Still available at my Lulu storefront or directly, with full information and preview pages. Also available (on bright-white paper instead of cream book paper), with ISBN 978-1434805256, from Amazon.
The 247-page paperback is $29.50. If you prefer a PDF ebook, it’s $20, only from Lulu.
Balanced Libraries: Thoughts on Continuity and Change is my contribution to the ongoing set of discussions, experiments and changes in libraries and librarianship that sometimes carries the name “Library 2.0.”
It’s been out for about 14 months. I think it’s still a valuable contribution to the ongoing set of discussions.
Why should I buy this book?
Here’s what some reviewers had to say:
I recommend this book to anyone interested in ‘Library 2.0′ and other contemporary issues, as Crawford sets them in their wider context. Yet it covers broader issues than just the latest technology, and does so in a considered way. As such, it will also stand when today’s issues are yesterday’s debates. It is passionate, yet not partisan; timely, yet not time bound.
Jennifer Macaulay at Life as I know it:
I would recommend this book to any of my colleagues. Whether one likes the term or not, the concept of Library 2.0 is important as are the discussions that have taken place around it. Reading Balanced Libraries is a great way to learn more about Library 2.0 – in a very non-threatening way that won’t cause people to become overwhelmed by the winds of change that seem to always be surrounding us.

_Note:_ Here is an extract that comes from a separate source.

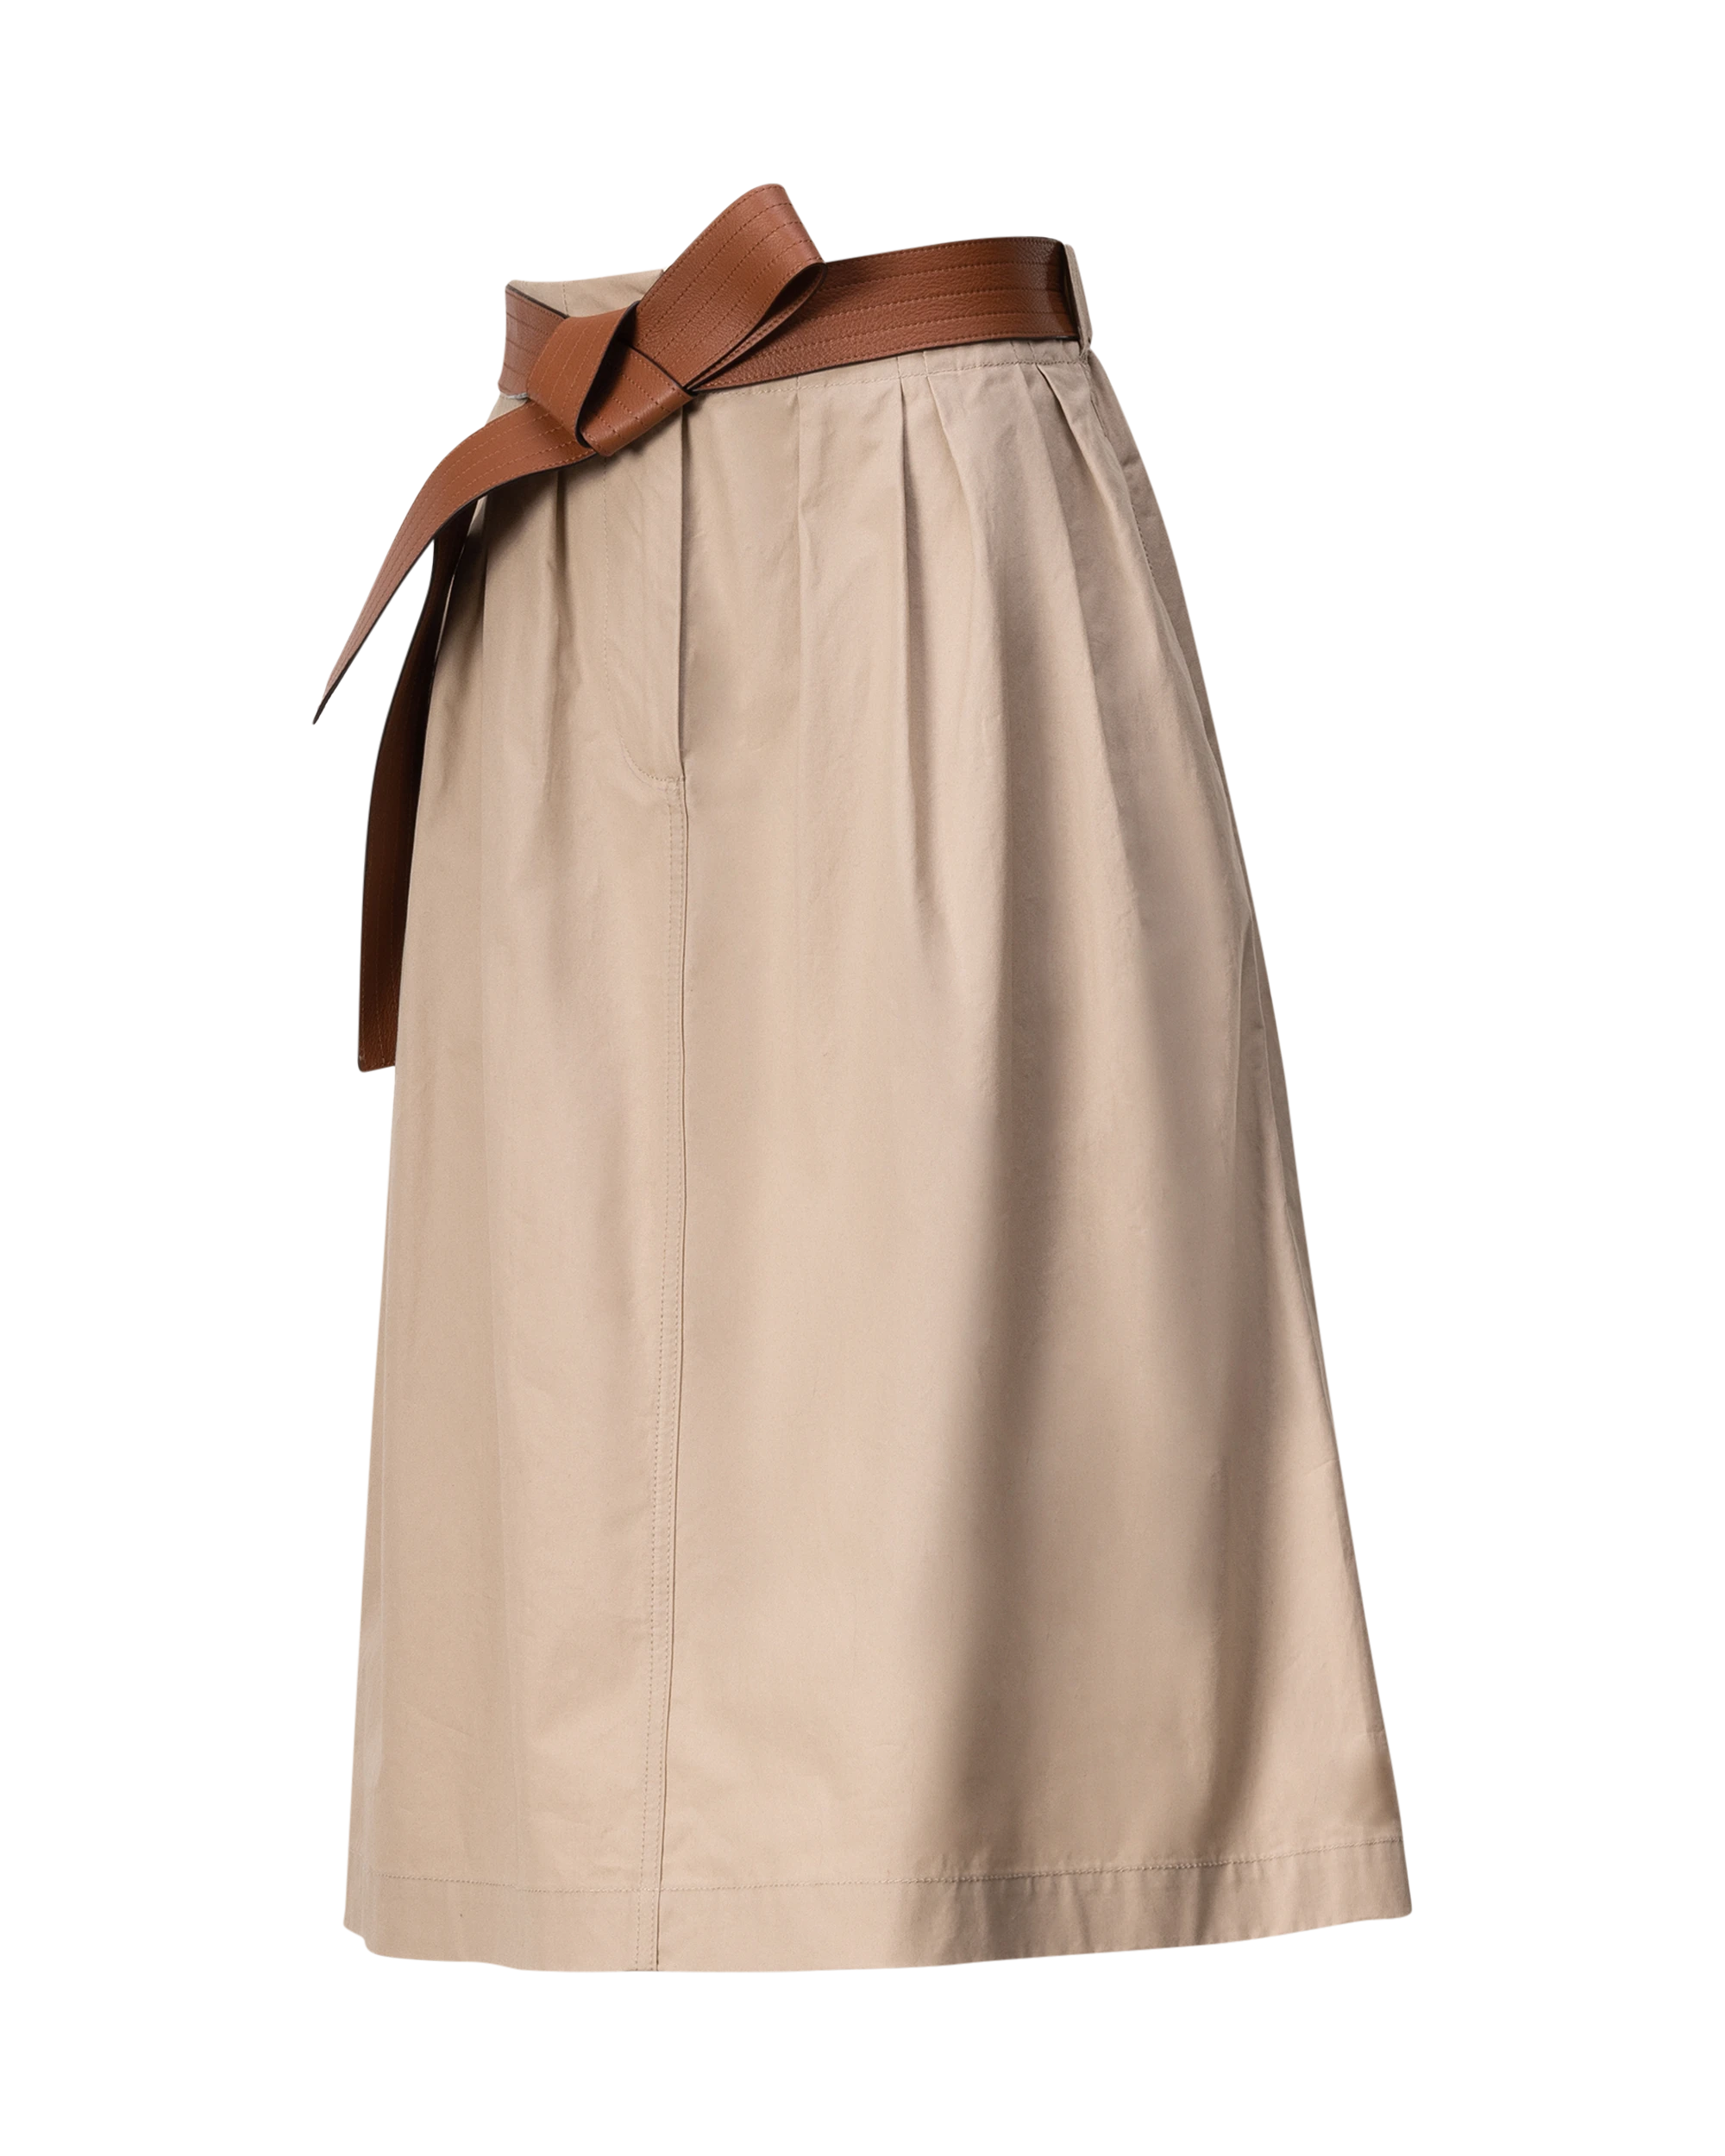 Belted A-Line Midi Skirt

Wouter at Wow! Wouter over het Web – well, you’ll just have to read the review (if you read the language)
John DuPuis at Confessions of a Science Librarian:
One of the best things about this book was that it provoked an awful lot of internal debates as I was reading it. You know how when you’re reading a book and suddenly you’re stopped in your tracks by something? It doesn’t matter if you agree or disagree (and I certainly didn’t agree with everything in Crawford’s book), it makes you think, it makes you start a kind of virtual discussion with the author. You find yourself saying, “But, what if…” or “You know, that’s not how I think that would happen…” or “Right on, and what about…” It takes a long time to read a book like that, because so much of your time is spent digesting what you’ve read. It often took me a day or two in between chapters to process. Lee Smolin’s The Trouble with Physics, which I was reading more or less simultaneously, was the same.
John Miedema, now at johnmiedema.ca:
Balance is not a sexy idea, but Crawford helps makes sense of the debate, showing how both change and stasis can be troublesome for libraries, providing a fresh take on the timeless wisdom that technology must serve the library mission, not the reverse.